I’ve been fired from a job for having a college degree, and I hadn’t even applied for it. I was actually just a thesis away from my M.A. at the time. I was between regular jobs in a recession — the Carter administration was one long recession, as far as I could see –, and working intermittently for Manpower. Some of their temp jobs were quite pleasant: working as a flagman for the phone company out in the country when it’s 68 degrees and breezy is very nice, except for the lack of bathrooms.

One week they sent me to Pepsi to help deliver sodas all around the county — including to two prisons (men’s and women’s) and a home for the criminally insane, which was interesting.* On Wednesday of that week, I was told I was fired (by Pepsi, not Manpower). Apparently they were using Manpower to try out possible permanent employees and just assumed I would be interested in signing on full-time. (I’m a Coke drinker myself, and wouldn’t have felt comfortable in a career delivering a product I dislike. Then again, I had the impression the pay was pretty good, so I might have considered it.) They apparently had an unwritten no-college-graduates rule. I certainly didn’t go around telling blue-collar workers I’d been to college and even grad school, and was annoyed that the Pepsi driver wormed the information out of me and then blabbed about it to his boss. He had begged me not to tell his boss about his back troubles so he wouldn’t be fired, and I kept that promise, even after being fired myself, though I was sorely tempted to get a little payback.

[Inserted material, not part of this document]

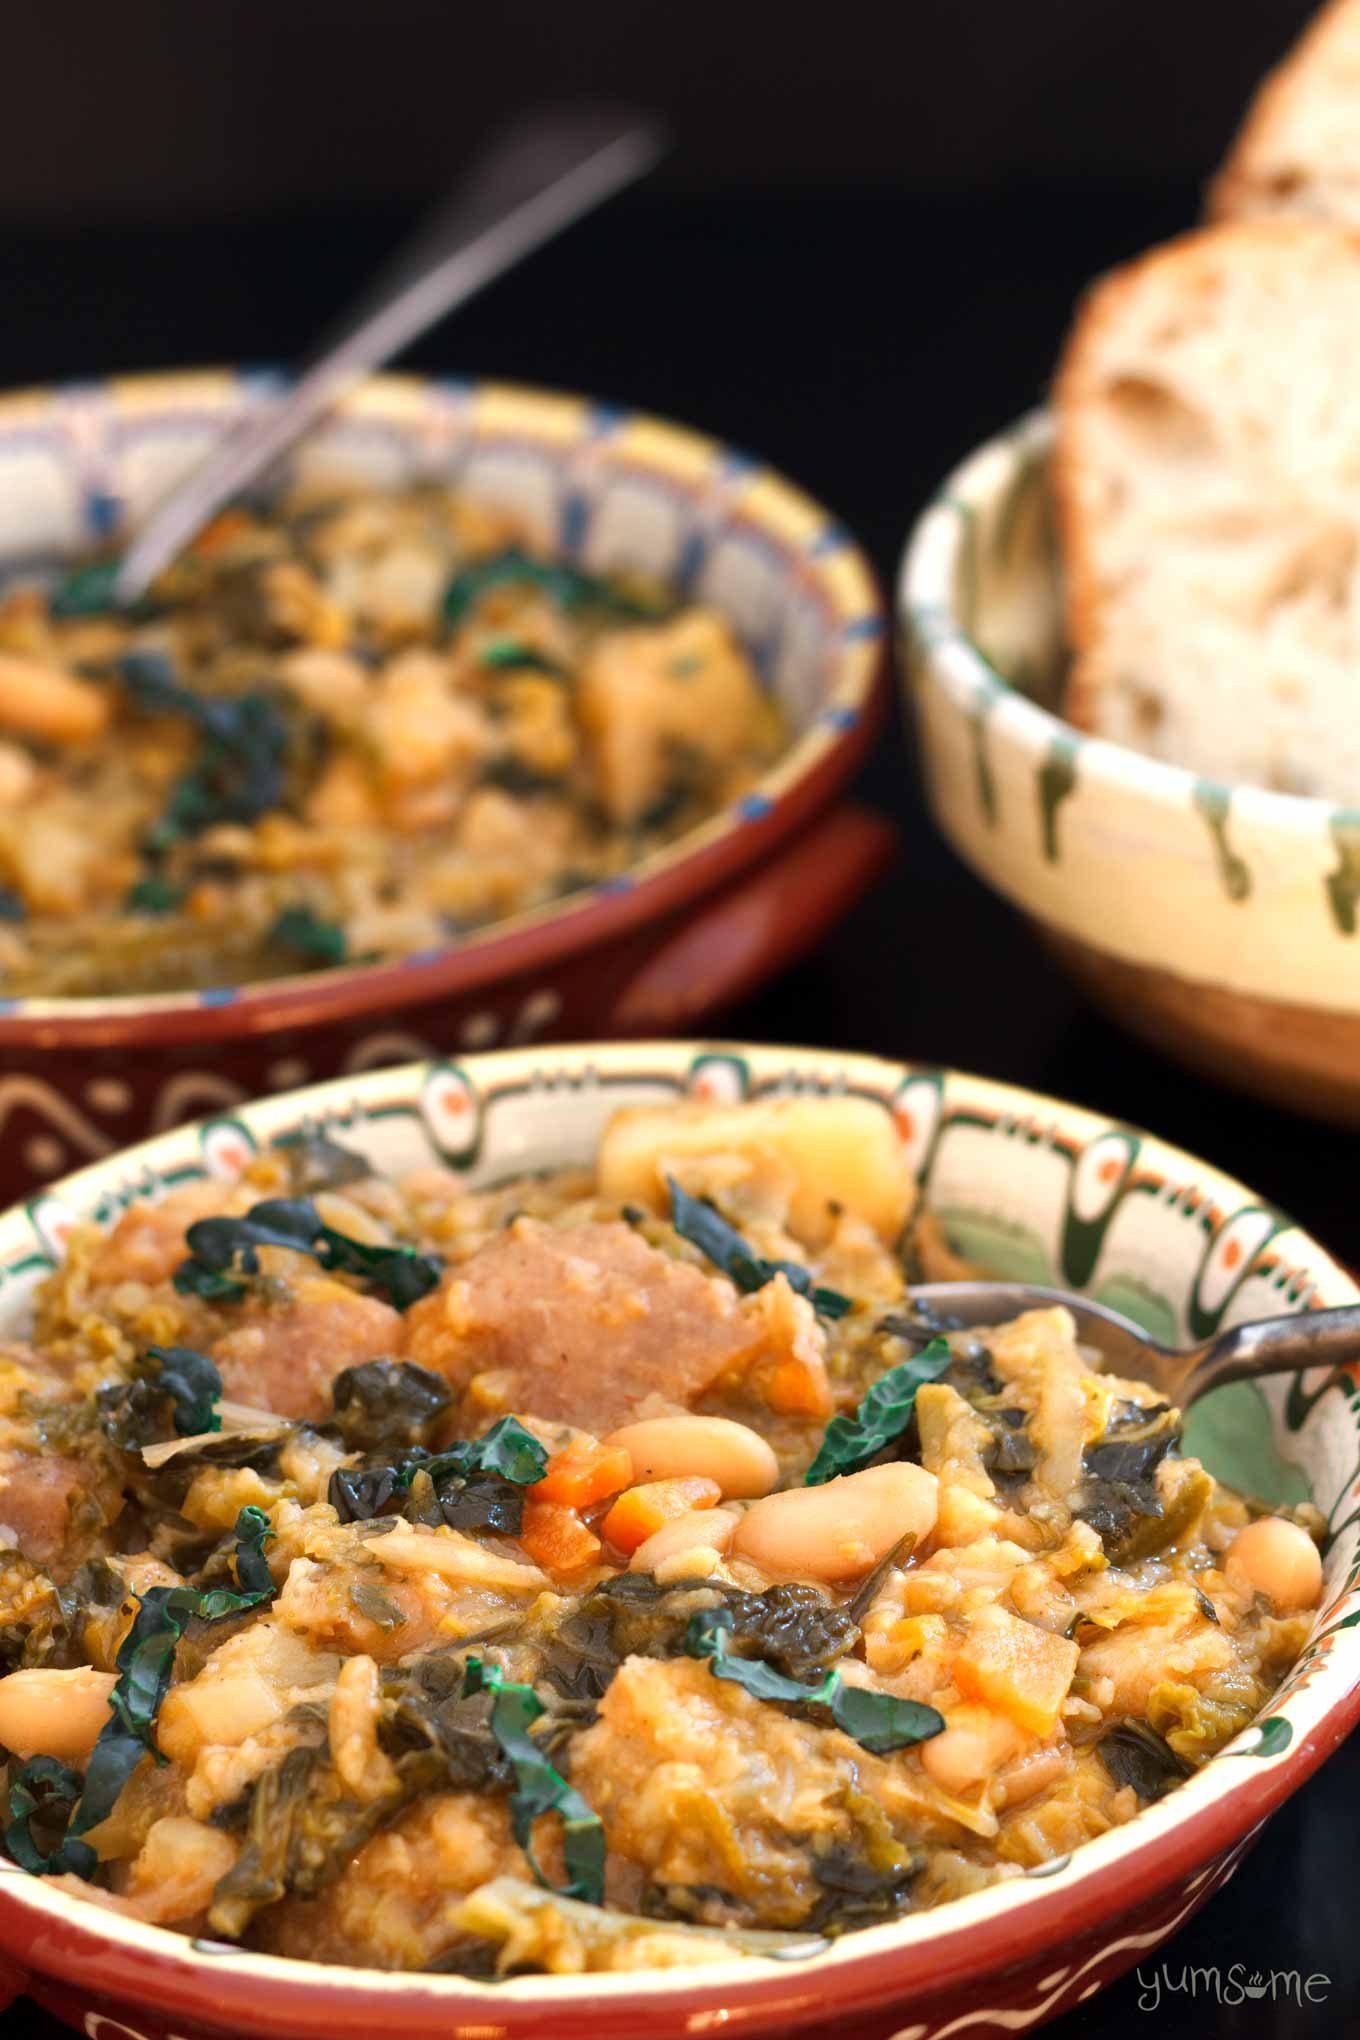 ribollita - Tuscan bread soup | yumsome.com

*The driver told me to be especially careful delivering sodas to the juvenile wing in the last place. He had had to chase a kid 100 yards down the hall to retrieve three cases of sodas the previous week. What was particularly impressive was that the kid was wearing handcuffs at the time.

Tuesday: September 4, 2007

Why California Sucks, Part 1437

Filed under: — site admin @ 12:29 AM GMT-0500

Estimated cost of a new catalytic converter and accompanying sensors for my 1998 Accord, including labor and tax, minus AAA discount: $902 and change.

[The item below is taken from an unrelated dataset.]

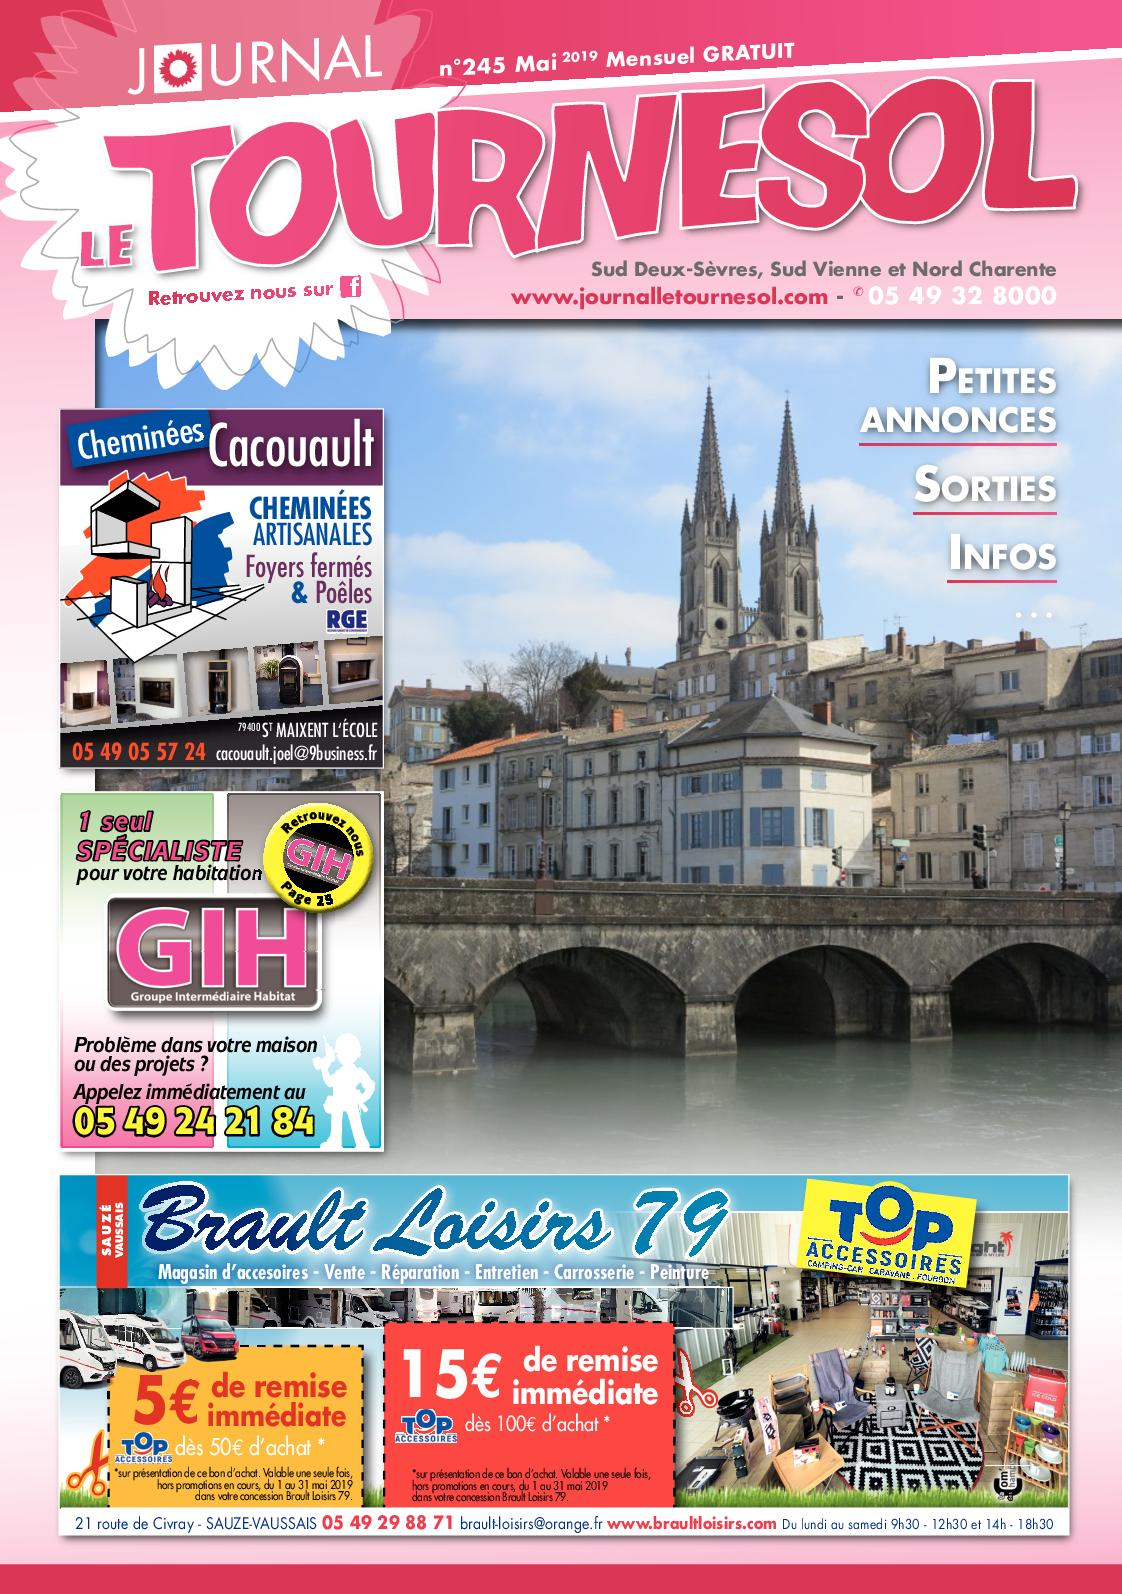 Tapis Pour Caravane Gitan calaméo - journal le tournesol mai 2019

Revised estimate after determining it needs a “California” catalytic converter, though the car was bought in Maryland and has never been west of Kansas: $1446 and change.

Actual cost of same: $1436.57. I appreciate the $10 saving, but it didn’t really help much.

It seems to me that the filthy inhabitants of the filthy state of California owe me $534 (I won’t worry about the pennies).

Monday: September 3, 2007

Is This Thing On?

Filed under: — site admin @ 3:22 PM GMT-0500

Appearances may change without warning over the next few days, as I try to settle on a template that looks good on smaller screens and try to get comments working again.

Update: (4:39pm)
Going back to one of the WordPress templates fixes the comments problem, but now I have to see if I can improve the appearance and copy my blogroll into it without wrecking them again. I also have to go through all my old posts and close comments on them individually, so I won’t be flooded with spam comments. I was getting several thousand a day when I turned comments off a couple of months ago.